# Windells Adult Camp?



## ShadowCloud04 (Sep 6, 2012)

I just turned 18 so I assume from what I read I would be put in the adult group. I was wondering what its like for a young adult to be in that group who can't drink and stuff. I mean can I still hang with the younger campers who I may fit more in with? I plan on going in the first summer session of 2013 and am curious how my experience will be if i go. Do I have to go on all of the excursions of camp or can I stay back and train more and do the activities?

thanks


----------



## BurtonAvenger (Aug 14, 2007)

Best thing ever was being 18 and in the adult house. I got drunk every night, puked on the pool table, hot tubbed with adult babes, got to skate with kids, shred every day, and didn't have a curfew. As an adult you get a lot more leniency than the kids.


----------



## ShadowCloud04 (Sep 6, 2012)

Ya i mean from your perspective that sounds sweet, but ya I don't drink or really get into the party scene ( I know weird right I snowboard and I don't party). Will I be pressured to be like that or what. I am mainly looking to go here for training and then fun and chill. This is basically my grad present for graduating high school.


----------



## BurtonAvenger (Aug 14, 2007)

If you go to camp and don't party you're a pussy. You can do what you want pretty much. Just send it while you're there.


----------



## a bag of it (Oct 2, 2011)

Burton avenger is a ***, don't listen to him. Wake up earlier and more refreshed and you'll be able to throw down way harder than the"cool kids"who party


----------



## BurtonAvenger (Aug 14, 2007)

a bag of it said:


> Burton avenger is a ***, don't listen to him. Wake up earlier and more refreshed and you'll be able to throw down way harder than the"cool kids"who party


Aww how cute you called me a *** on the Internet, did it take you all day to think up that insult? That must have taken you all day to muster up enough wit to think out such an amazing retort.


----------



## IdahoFreshies (Jul 9, 2011)

BurtonAvenger said:


> Best thing ever was being 18 and in the adult house. I got drunk every night, puked on the pool table, hot tubbed with adult babes, got to skate with kids, shred every day, and didn't have a curfew. As an adult you get a lot more leniency than the kids.

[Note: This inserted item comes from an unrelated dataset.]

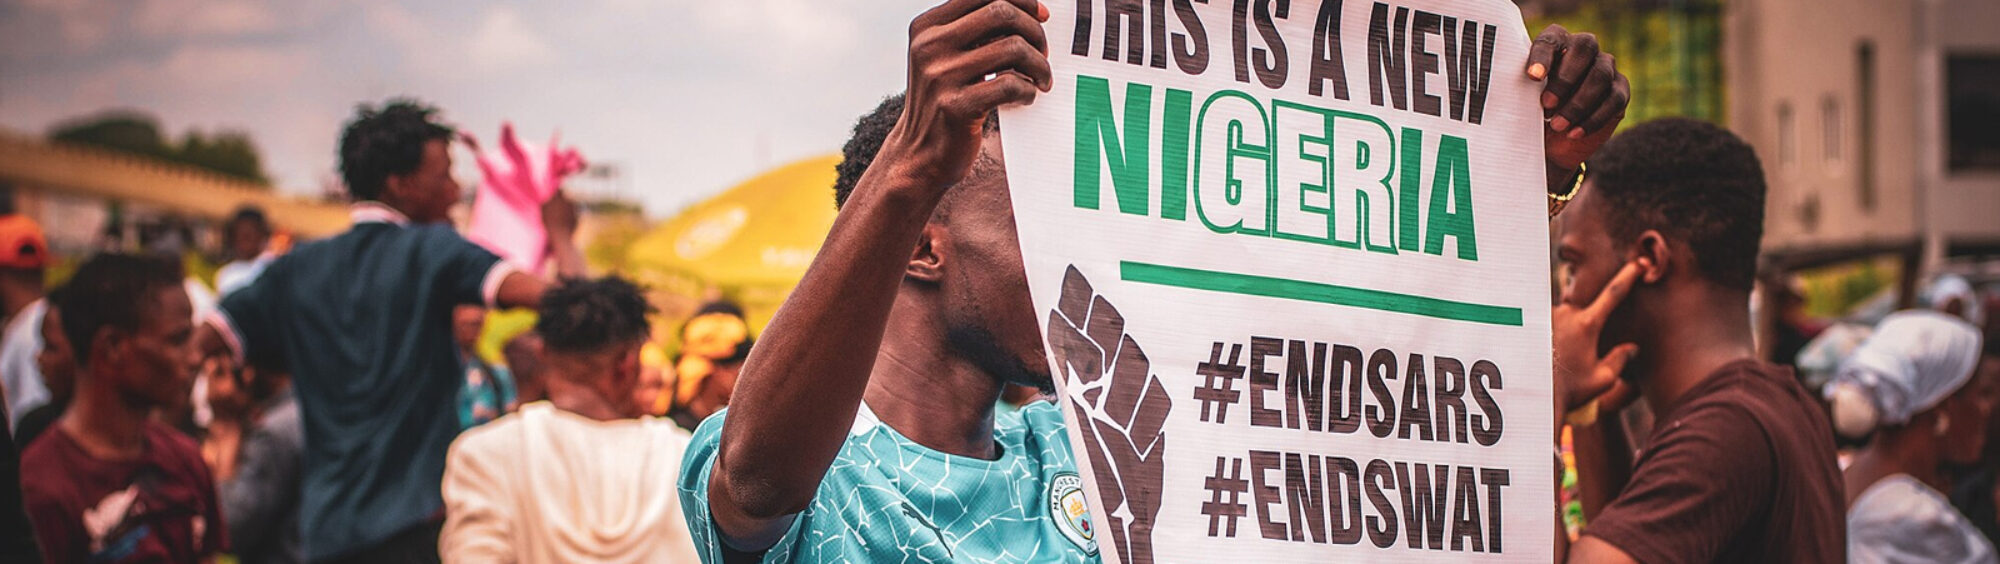 This is a photo of a Nigerian man holding up a placard with these words on them. This is a new Nigeria. #ENDSARS #ENDSWAT.
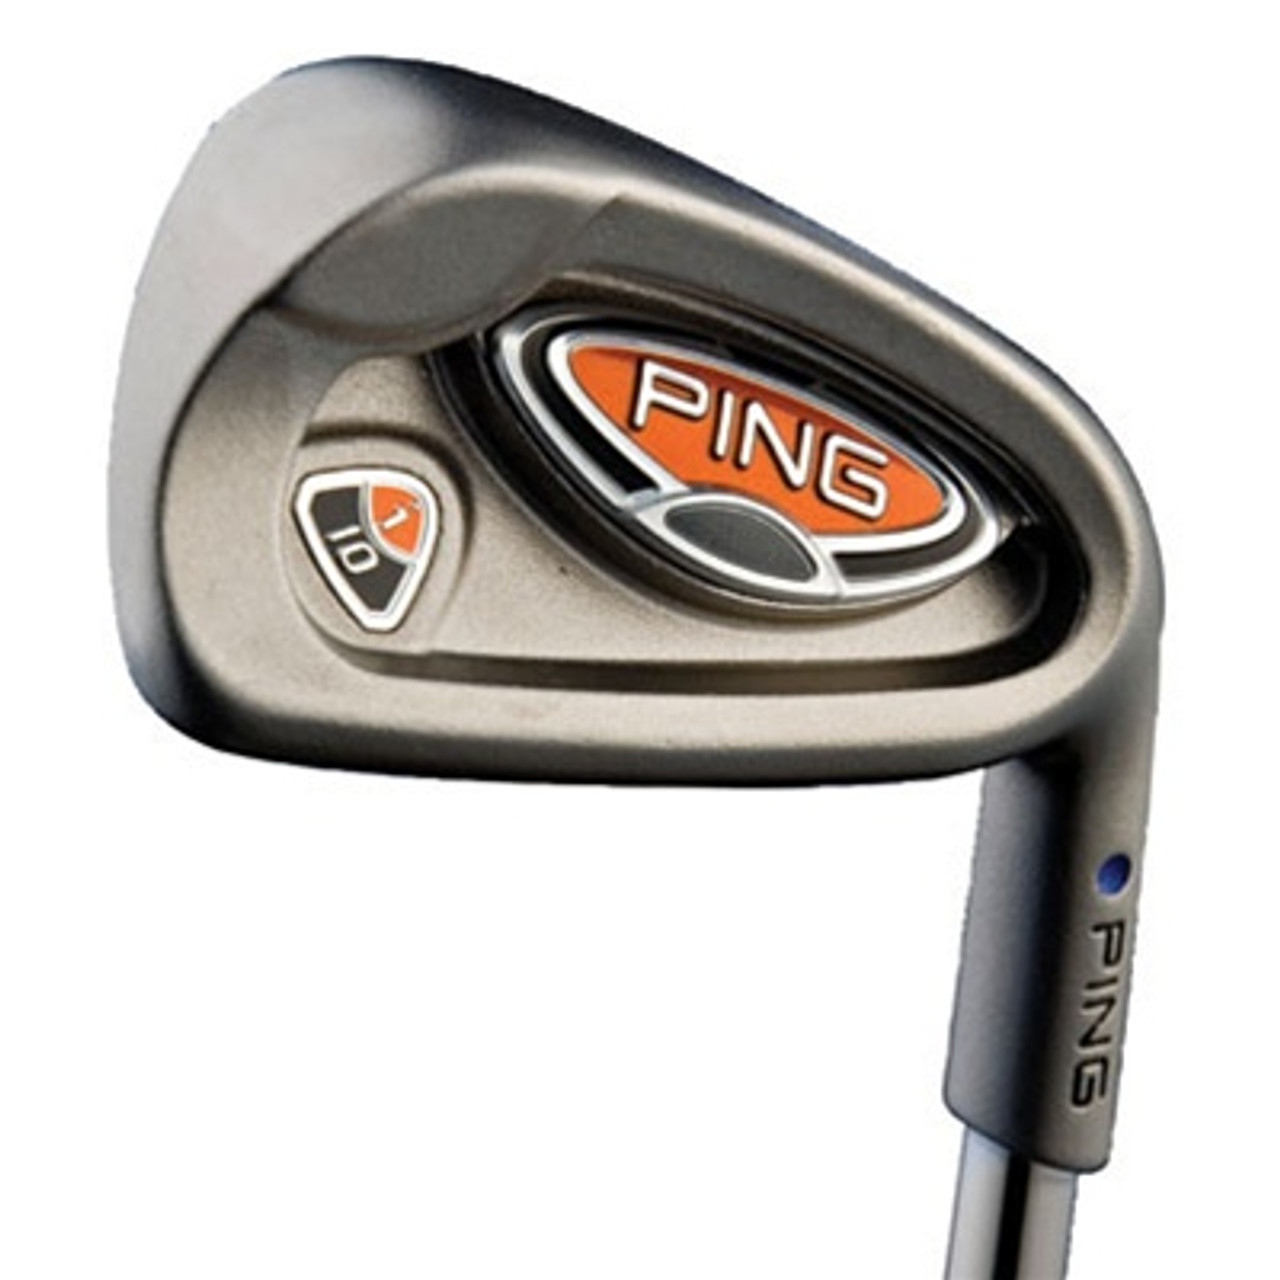 PING Men's i10 Individual Irons - REPLACEMENT IRONS ONLY

That sounds like a blast. I was thinking about going to one of the summer snowboard camps to shred during the summer. Good to know the adult houses are a riot haha! And for fucks sake I would hope you have more leniency in the adult house than the kid camp. Im not paying to ride there to be treated like the 16 year old who got dropped off by their parents.



a bag of it said:


> Burton avenger is a ***, don't listen to him. Wake up earlier and more refreshed and you'll be able to throw down way harder than the"cool kids"who party


lol. yup, make sure you are in bed by 10 so you can ride like a god dam pro!

fuck that, i would pound back a few as soon as I wake up if I was up there.


----------



## BurtonAvenger (Aug 14, 2007)

IdahoFreshies said:


> That sounds like a blast. I was thinking about going to one of the summer snowboard camps to shred during the summer. Good to know the adult houses are a riot haha! And for fucks sake I would hope you have more leniency in the adult house than the kid camp. Im not paying to ride there to be treated like the 16 year old who got dropped off by their parents.


Adult camp at any of the camps is a blast. Windells I sent it hard for 7 days learned a slew of new tricks, skated my face off, got drunk with pros, and had an epic summer goggle tan. This past summer I sponsored the adult camp at Woodward and lets just say I changed some peoples lives. Got all the 18 year olds drunk, shredded their faces off, learned new tricks, made friends to last a life time, and changed lives. Pretty much adult camp is the most fun you could have at the age of 18.


----------



## IdahoFreshies (Jul 9, 2011)

BurtonAvenger said:


> Adult camp at any of the camps is a blast. Windells I sent it hard for 7 days learned a slew of new tricks, skated my face off, got drunk with pros, and had an epic summer goggle tan. This past summer I sponsored the adult camp at Woodward and lets just say I changed some peoples lives. Got all the 18 year olds drunk, shredded their faces off, learned new tricks, made friends to last a life time, and changed lives. Pretty much adult camp is the most fun you could have at the age of 18.


Im going to need a whole lot of beer and a whole lot of pain killers if im going to ride my ass off and learn new tricks for 4-7 days. I see lots of eating shit.

What are the camp times and rates? Is there a 3 or 7 day trip? What does it cost? I would be going to hood since its the closest at 5 hours.


----------



## ShadowCloud04 (Sep 6, 2012)

Its like 1800 plus plane I think 8 days long not 100 percent how much of that is shredding. I agree with u avenger I'm sure itll be amazing.


----------



## BurtonAvenger (Aug 14, 2007)

IdahoFreshies said:


> Im going to need a whole lot of beer and a whole lot of pain killers if im going to ride my ass off and learn new tricks for 4-7 days. I see lots of eating shit.
> 
> What are the camp times and rates? Is there a 3 or 7 day trip? What does it cost? I would be going to hood since its the closest at 5 hours.


Depends on when you book, which camp, what package, etc. etc.


----------